- Born: January 23, 1956 Denver, Colorado
- Occupation: City Council Member
- Parent(s): Castella Price and Walter Wedgeworth, Sr.

= Elbra Wedgeworth =

Denver politician

Elbra Mae Wedgeworth (born 1956) is a civil servant in Denver, Colorado. Wedgeworth is the only person in recent history to hold positions in all three branches of Denver's city government.

==Biography==
Elbra Mae Wedgeworth was born January 23, 1956, to parents Castella Price and Walter Wedgeworth, Sr. Growing up, she lived in the Curtis Park neighborhood of Denver and graduated Manual High School in 1974. When she was young, Wedgeworth planned to become a social worker.

==Career==
Wedgeworth received her B.A. in sociology/anthropology from the University of Redlands in 1978.

In 1989, Wedgeworth became City Council Senior Analyst. From 1994 to 1996, she was Clerk and Recorder for the City and County of Denver. She was part of Mayor Wellington Webb's administration as part of the Denver Election Commission.

From 1996-1999, Wedgeworth was Director of Community Relations and Philanthropic Affairs at Denver Health and Hospital Authority. In this role, she reinstated the Board of Directors and launched the Denver Health Foundation.

In 1999, Wedgeworth was elected to the District 8 seat of the Denver City Council. She was City Council President Pro Tempore from July 2001 to July 2002, and served as Denver City Council President from July 2003 to July 2005. She is the second African American to serve as City Council President.

In 2007, Wedgeworth resigned from City Council and became the Chief Government and Community Relations Office for Denver Health. In this role, she was the liaison to governmental legislative matters and the Community Engagement Initiatives. She was instrumental in a $1 billion bond in 2017 that funds the hospital's new outpatient medical center.

Wedgeworth oversaw the reopening of Union Station as the Chair of the Union Station Redevelopment Project. She was the first African American woman to chair the Downtown Denver Partnership.

Wedgeworth was President and Chair of the Board for the Denver 2008 Convention Host Committee as part of the Democratic National Convention. She is the first African American person to head a national convention host committee.

Wedgeworth retired on December 31, 2019, from her position at Denver Health and Hospital Authority.

In 2020, Wedgeworth joined Denver Public Schools as a senior adviser. Her role was to support schools and coordinate a multi-agency partnership that works with communities dealing with youth violence.

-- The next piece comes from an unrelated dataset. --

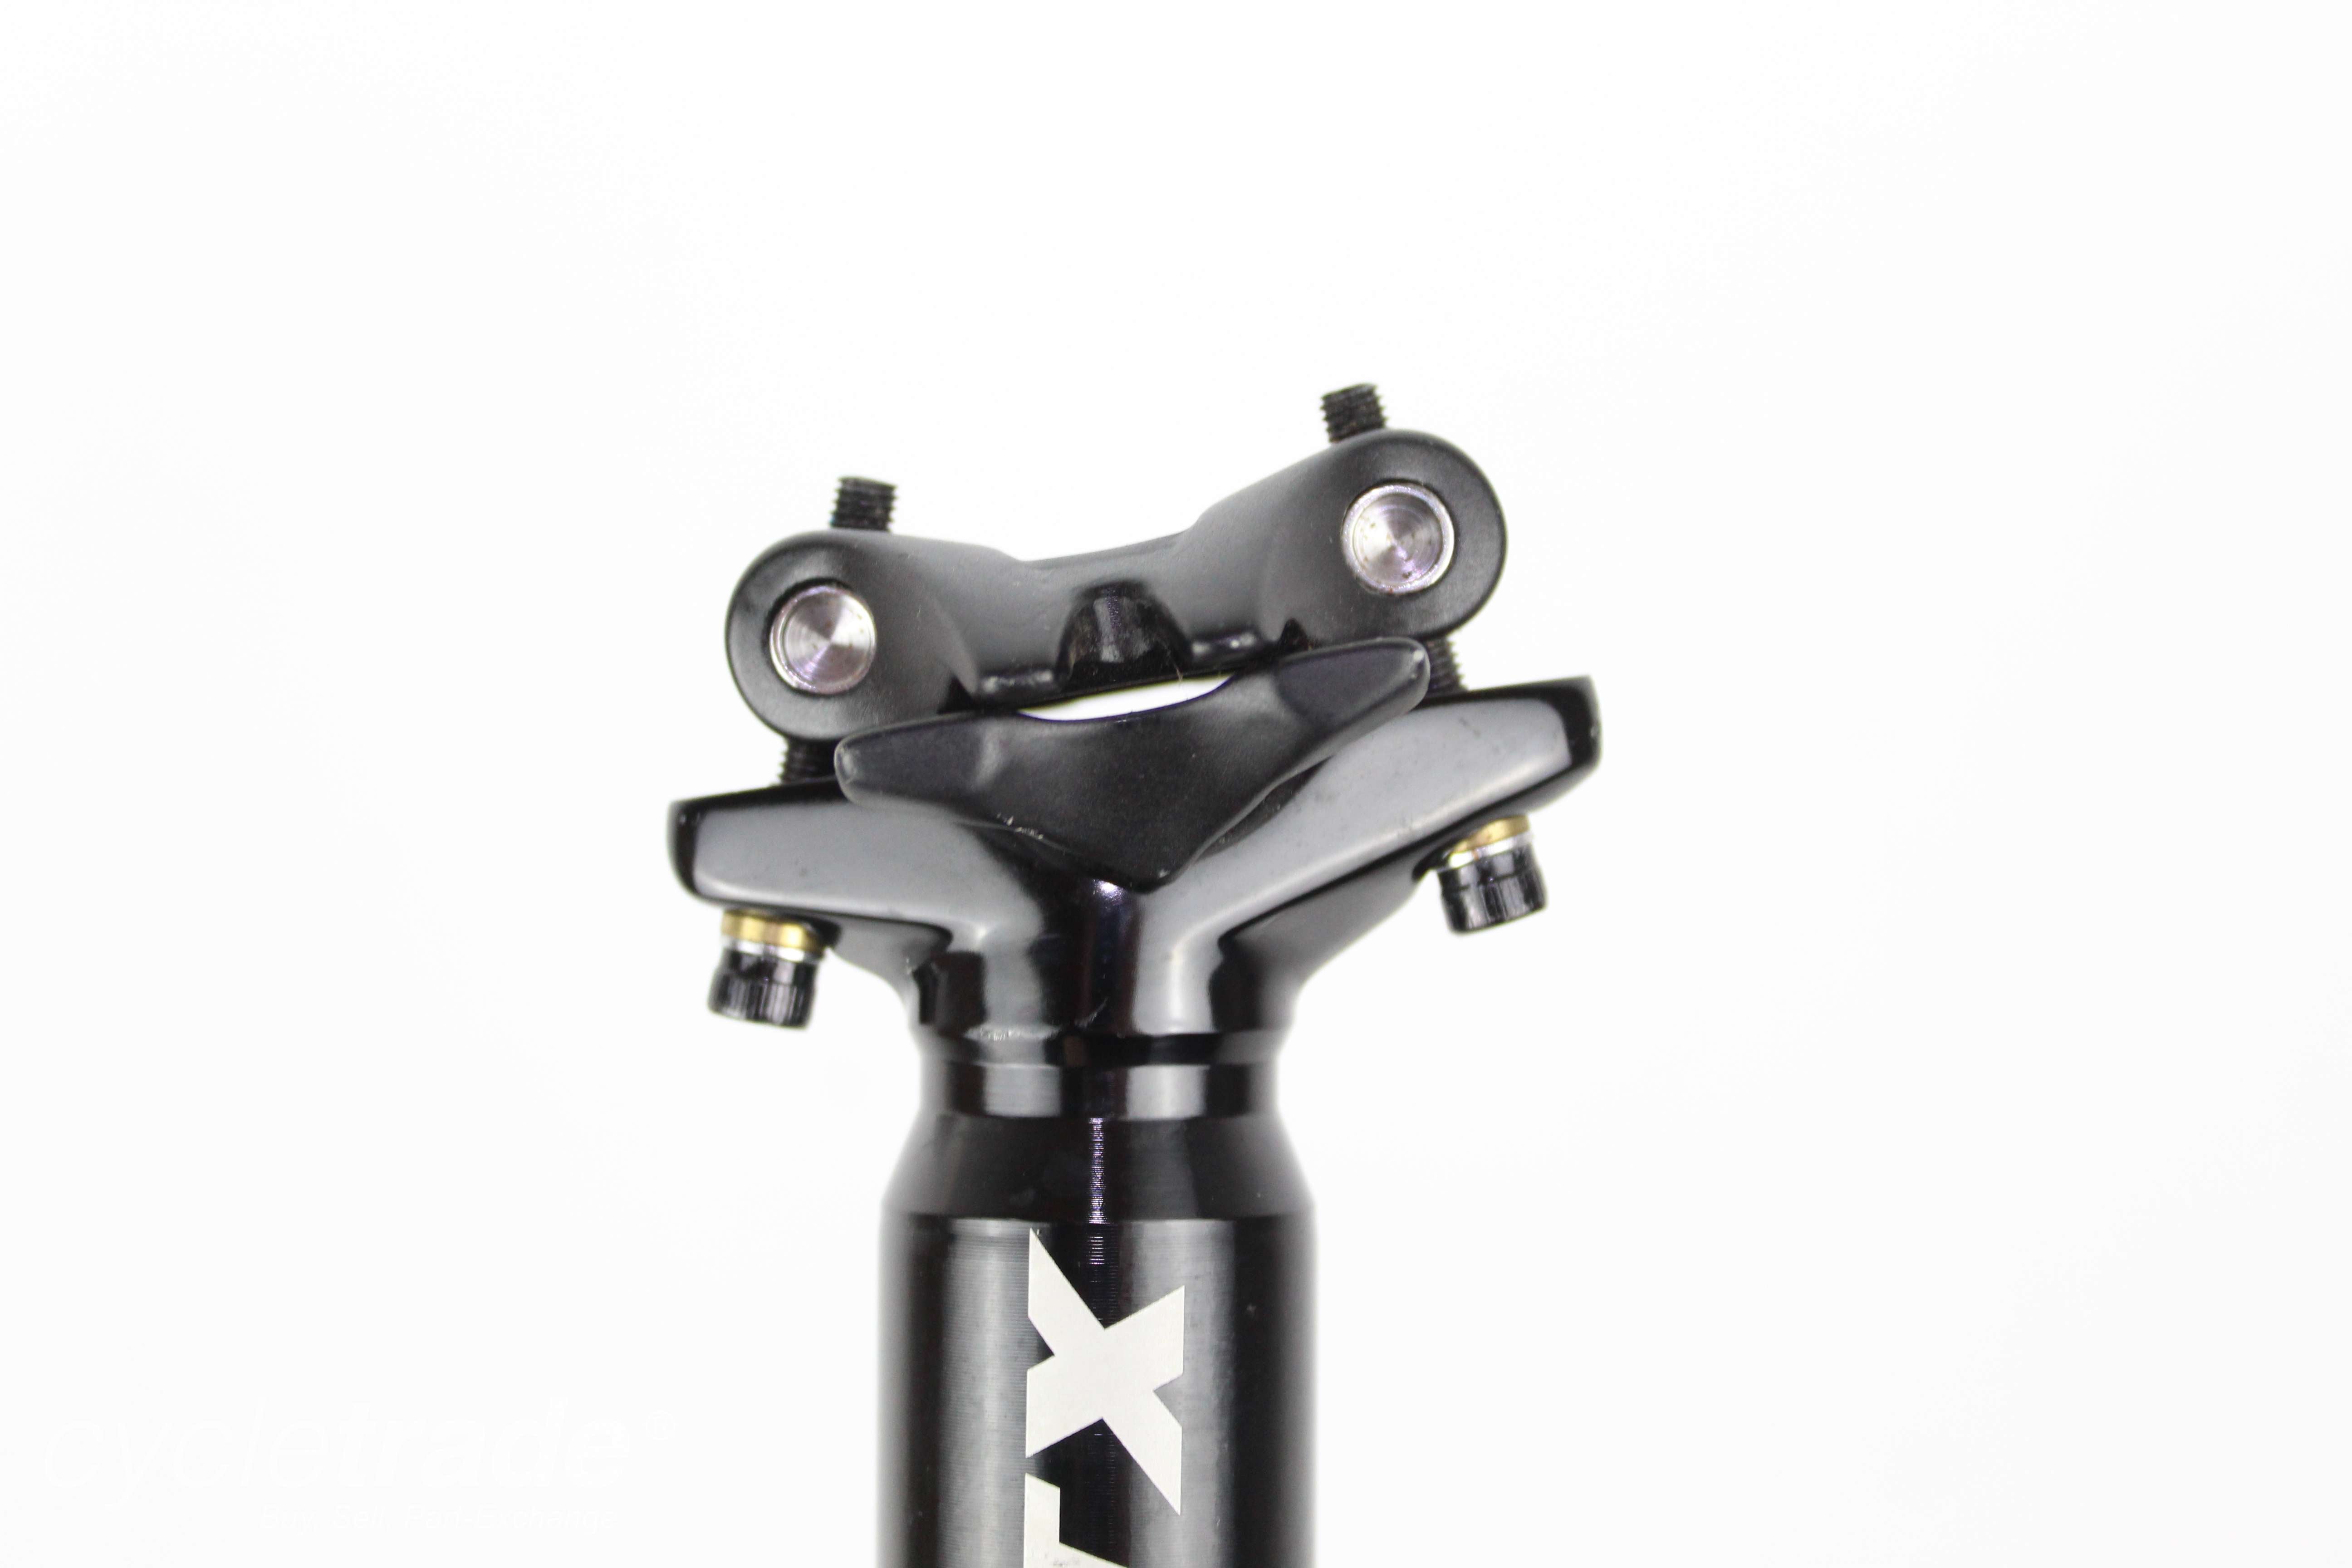 Seatpost- Planet X Twelfty Light Alloy 31.6mm 600mm- Grade B+

She is part of the Board of Trustees for University of the Redlands.

==Recognition==
- 2001 - Denver Business Journal Outstanding Women in Business
- 2006 - Martin Luther King Jr Humanitarian Award
- 2013 - Colorado Women's Chamber of Commerce ATHENA Award
- 2014 - Blacks in Colorado Hall of Fame
- 2015 - Legacy Award from Denver Business Journal
- 2018 - City Year Honoree and Ripples of Hope Recipient from Denver Health
- 2021 - David J. Cole Denver Public Safety Citizens Award

In August 2014, in recognition of her service to Denver, the Elbra M. Wedgeworth Municipal Building was named for her in Denver's Five Points neighborhood.